Nicht selten sehen sich Geistes- und Sozialwissenschaftler dem Vorwurf ausgesetzt, ihre Forschung habe wenig praktischen Nutzen. Lars Erik Cederman tritt den Gegenbeweis an: Der Konfliktforscher erhält für seine Arbeit den Marcel Benoist-Preis – den höchsten Wissenschaftspreis der Schweiz.
Zum ersten Mal überhaupt ging die Auszeichnung – so etwas wie der Schweizer Nobelpreis – damit nicht an einen Naturwissenschaftler. Die Ehrung erhielt der Konfliktforscher für ein Thema mit trauriger Aktualität: Mit seinem Team von der ETH Zürich erforschte Cederman den Zusammenhang zwischen Ungleichheit und Bürgerkriegen.
Fallbeispiel Rohingya
Wirtschaftsminister Johann Schneider-Ammann, seines Zeichens Präsident der Marcel Benoist Stiftung, unterstrich: «Cedermans Arbeit zu den ethnischen Konflikten verdeutlicht den wichtigen Beitrag, den die Geistes- und Sozialwissenschaften zur Lösung gesellschaftlicher Probleme leisten.»
Eine der zentralen Erkenntnisse der Forschungsgruppe: Politische und wirtschaftliche Ungleichheit zwischen ethnischen Gruppen fördern Konflikte. «Burma etwa ist ein gutes Beispiel dafür», erklärt Cederman im Gespräch mit SRF News.

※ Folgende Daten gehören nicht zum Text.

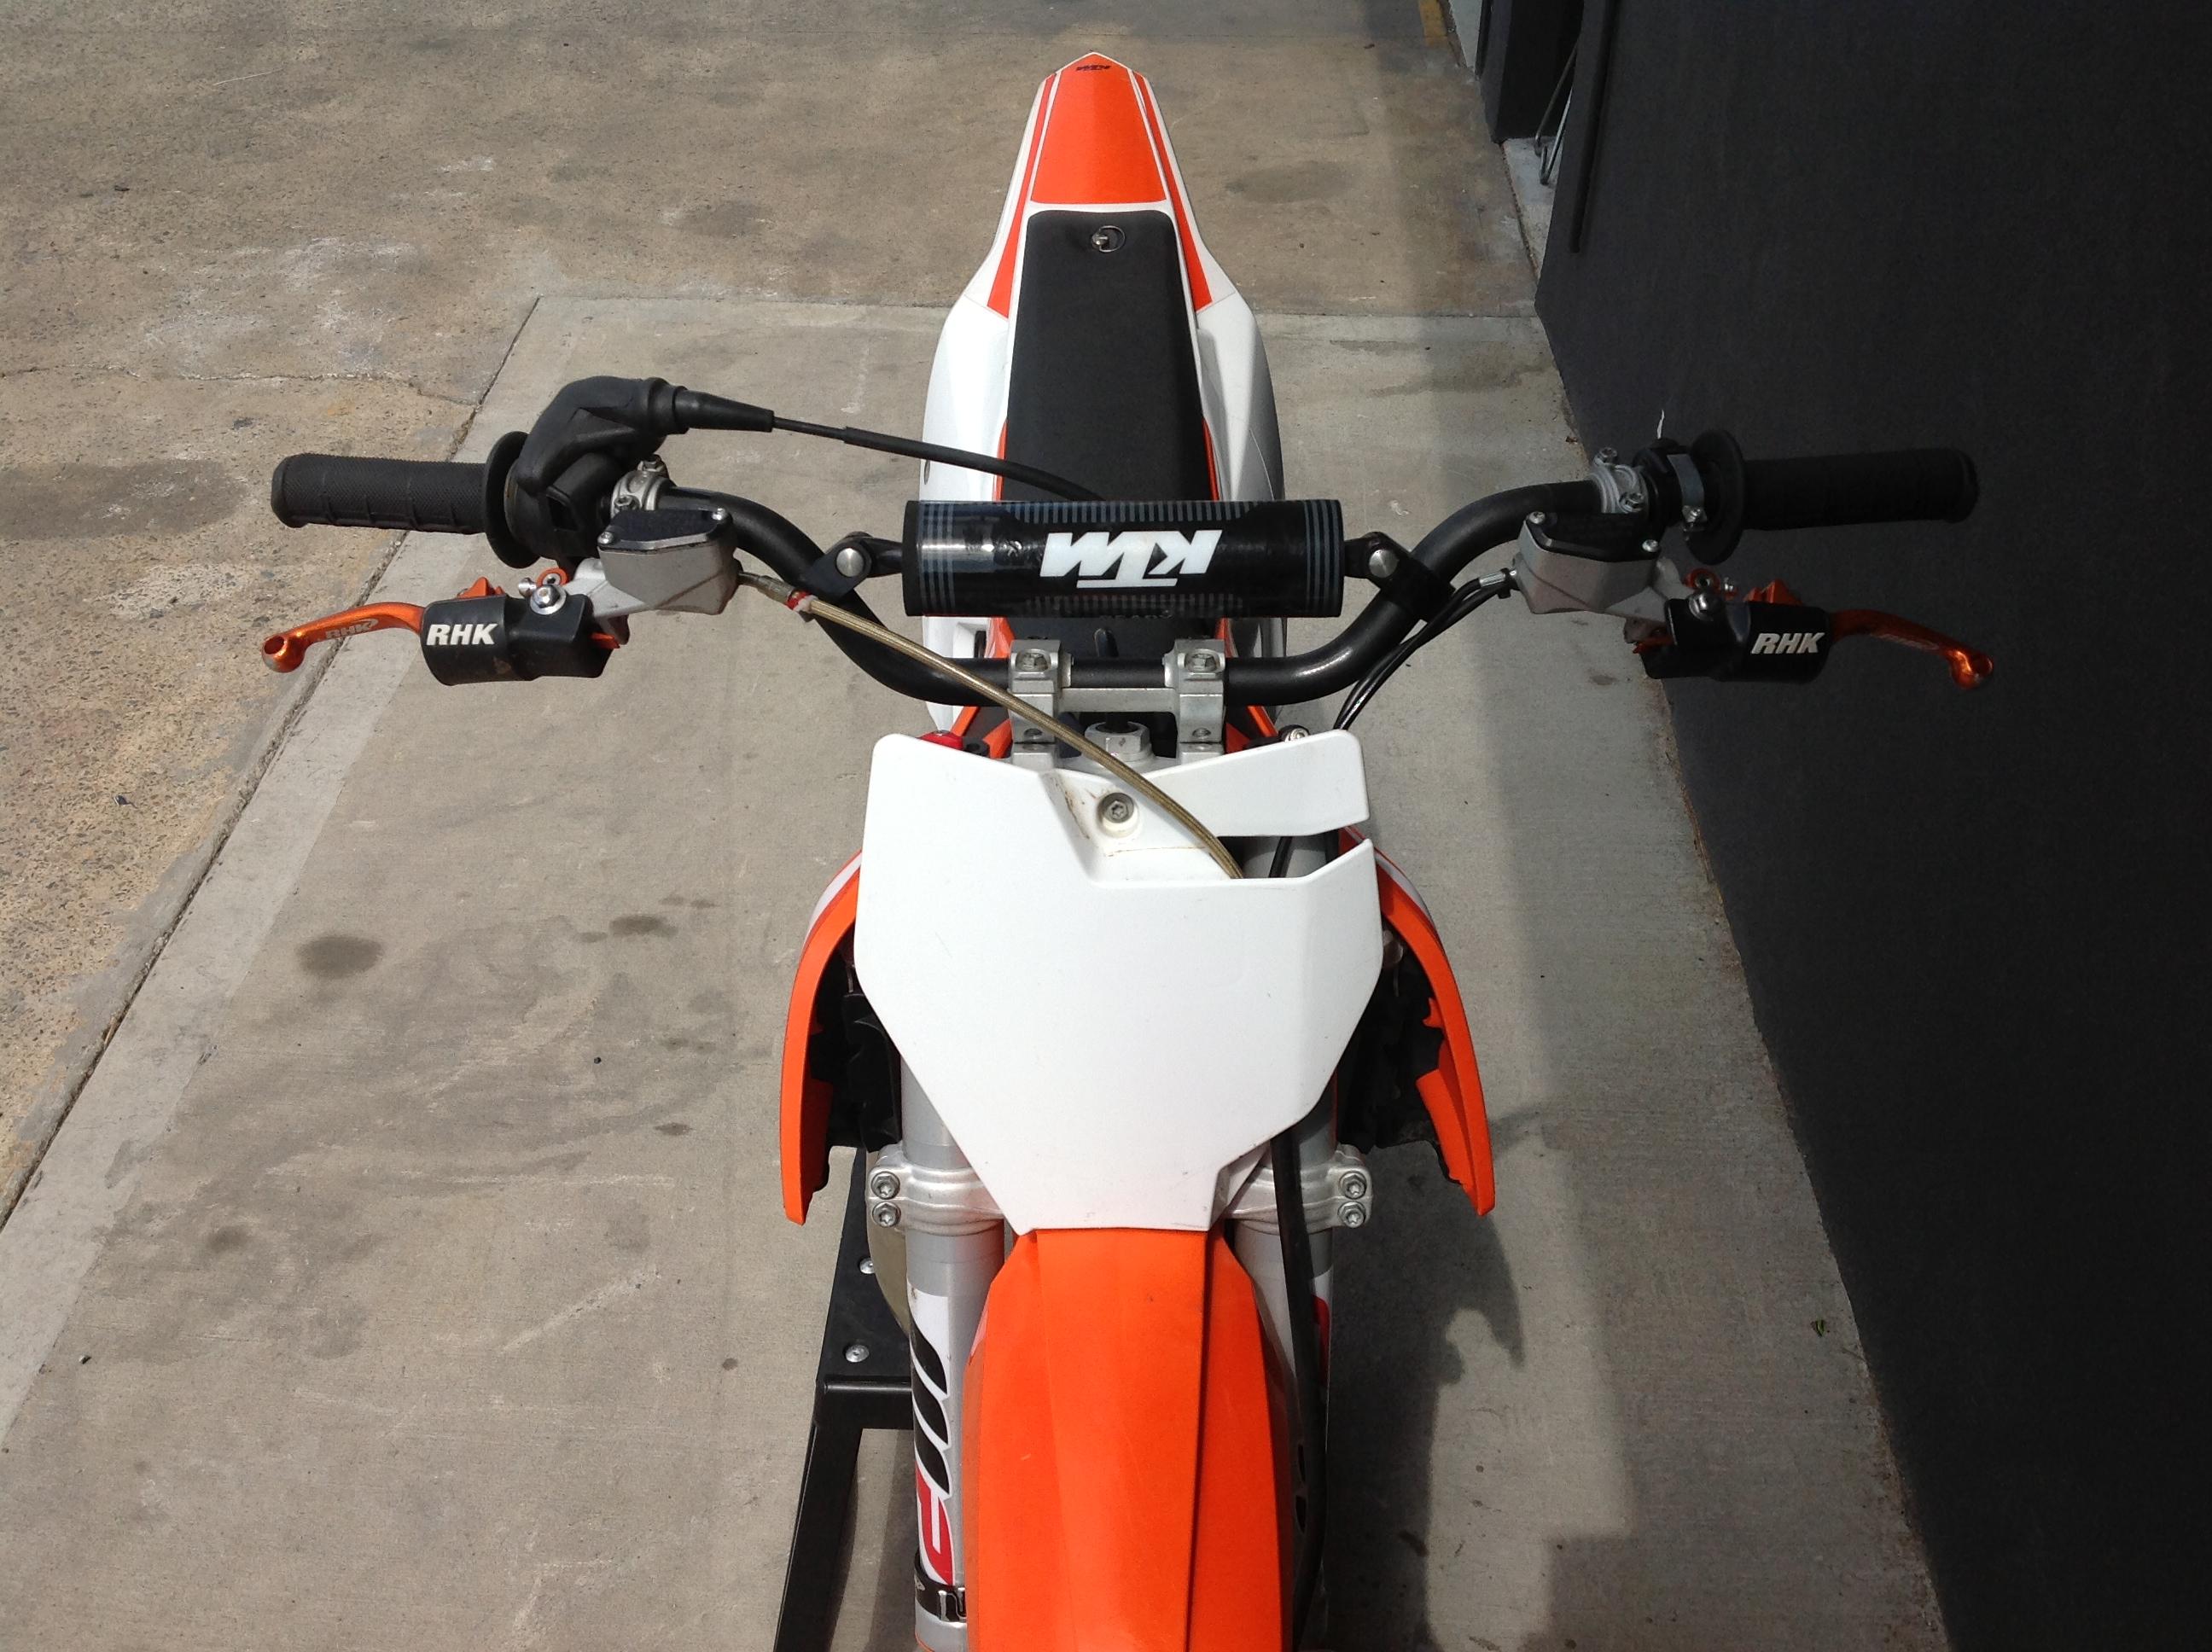 ... Array - 2018 ktm 65 sx 65 sx mini bike manual 6sp 65cc excite  motorsports rh Array - service ...

Das südostasiatische Land schreibt seit Jahren Negativschlagzeilen mit der Diskriminierung der muslimischen Minderheit der Rohingya; ihre brutale Vertreibung bildete den vorläufigen Höhepunkt des humanitären Dramas.

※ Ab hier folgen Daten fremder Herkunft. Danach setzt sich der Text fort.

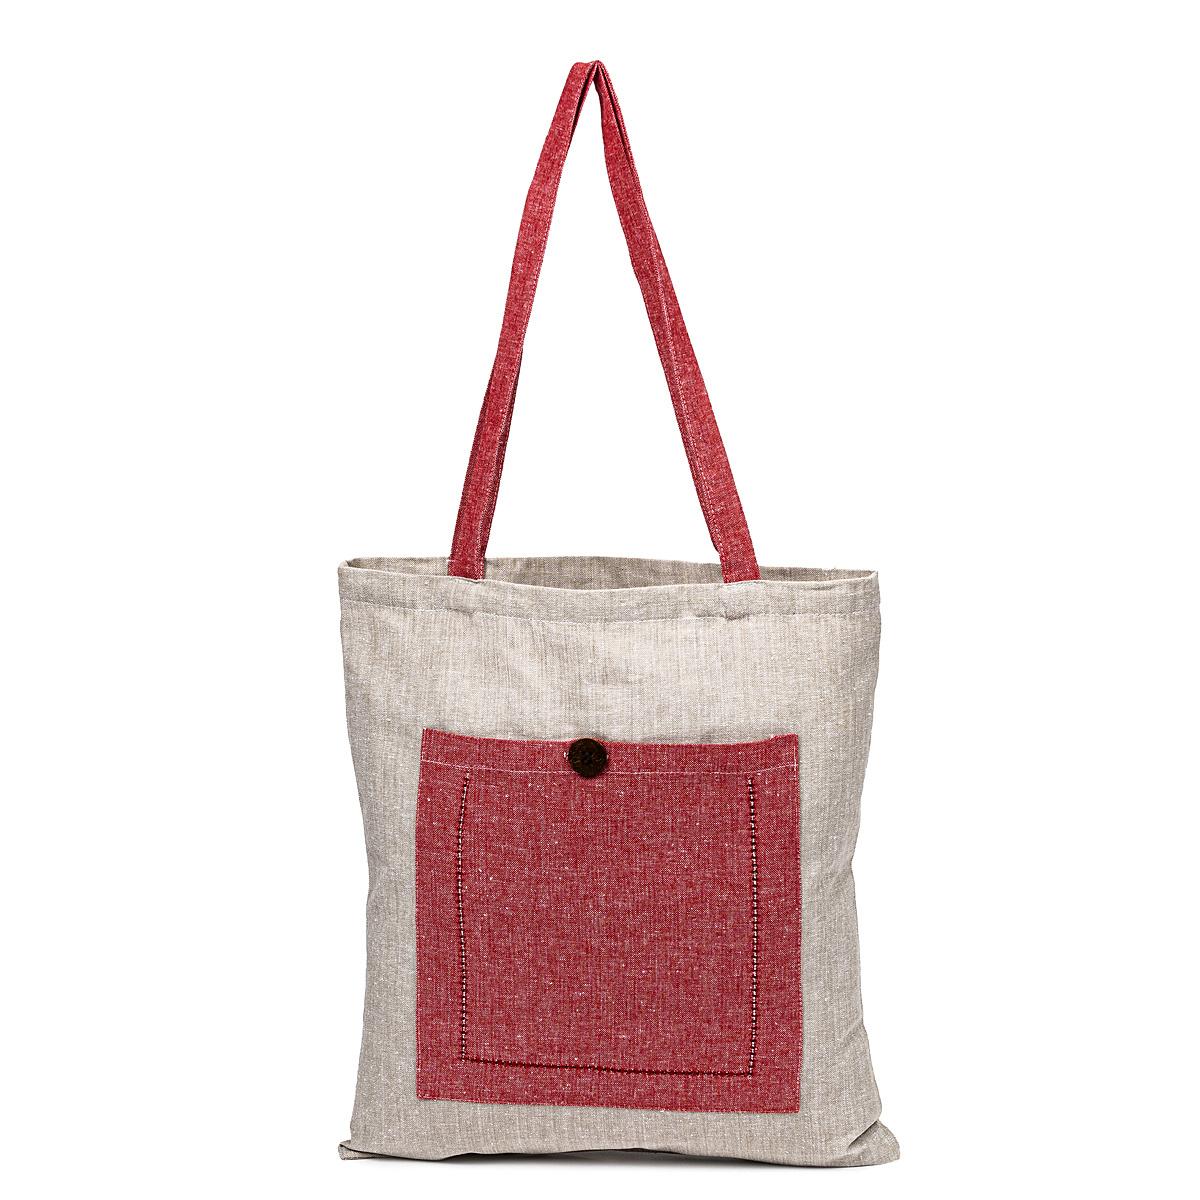 Trade Concept Nákupná taška Heda červená / béžová, 40 x 45 cm

«Leider gibt es aber viele ähnliche Beispiele auf der Welt», sagt der ETH-Forscher. Zunehmend macht er auch in etablierten Demokratien die Tendenz aus, ethnische Ungleichheit zu fördern. Die akademische Forschung habe deshalb die wichtige Aufgabe, auf konkrete Risiken hinzuweisen, die in der Hitze der politischen Debatte sonst nicht wahrgenommen werden, sagte Cederman gegenüber der Nachrichtenagentur sda.
Die Erkenntnis, dass sich die Unterdrückung von Minderheiten in Gegenreaktionen bis hin zu Bürgerkriegen entladen kann, scheint naheliegend. In der Konfliktforschung habe aber jahrzehntelang eine andere Lehrmeinung dominiert, erklärt Cederman: «Einflussreiche Forscher vertraten den Standpunkt, dass Ungleichheit gewisser Bevölkerungsgruppen nichts mit dem Ausbruch von Konflikten zu tun hätte.»
Mehr Gerechtigkeit und damit weniger Konflikte liessen sich erreichen, indem ethnische Gruppen in den politischen Prozess einbezogen würden. Zum Beispiel durch Abbau von Diskriminierung, Einführung von Machtteilung und Föderalismus. Allerdings: Minderheiten dürften dabei aber nicht von der Zentralregierung abgekoppelt werden, erklärt der ETH-Forscher. Als Musterbeispiel für einen gelungenen Ausgleich nennt Cederman die Schweiz.
Kompromiss statt Konfrontation
Eine Frage der Balance also. Diese scheint etwa mit Blick auf die Katalonien-Frage in Schieflage geraten zu sein. Immerhin: Der neue spanische Regierungschef Pedro Sanchez kündigte heute an, dass die Katalanen ein Referendum für mehr Autonomie abhalten können.
Cederman begrüsst den Schritt. Die konservative Regierung Rajoy und seine Vorgänger hätten die katalanischen Autonomiebestrebungen lange unterdrückt: «Doch Madrids Kompromisswilligkeit ist für eine friedliche Lösung des Konflikts unabdingbar.»
Als Vermittler zwischen Madrid und Barcelona sieht Cederman sich und seine Forschungsgruppe aber weniger: «Ich glaube nicht, dass Madrid ein grosses Interesse an unserer Forschung haben würde», sagt Cedermann mit einem Lächeln.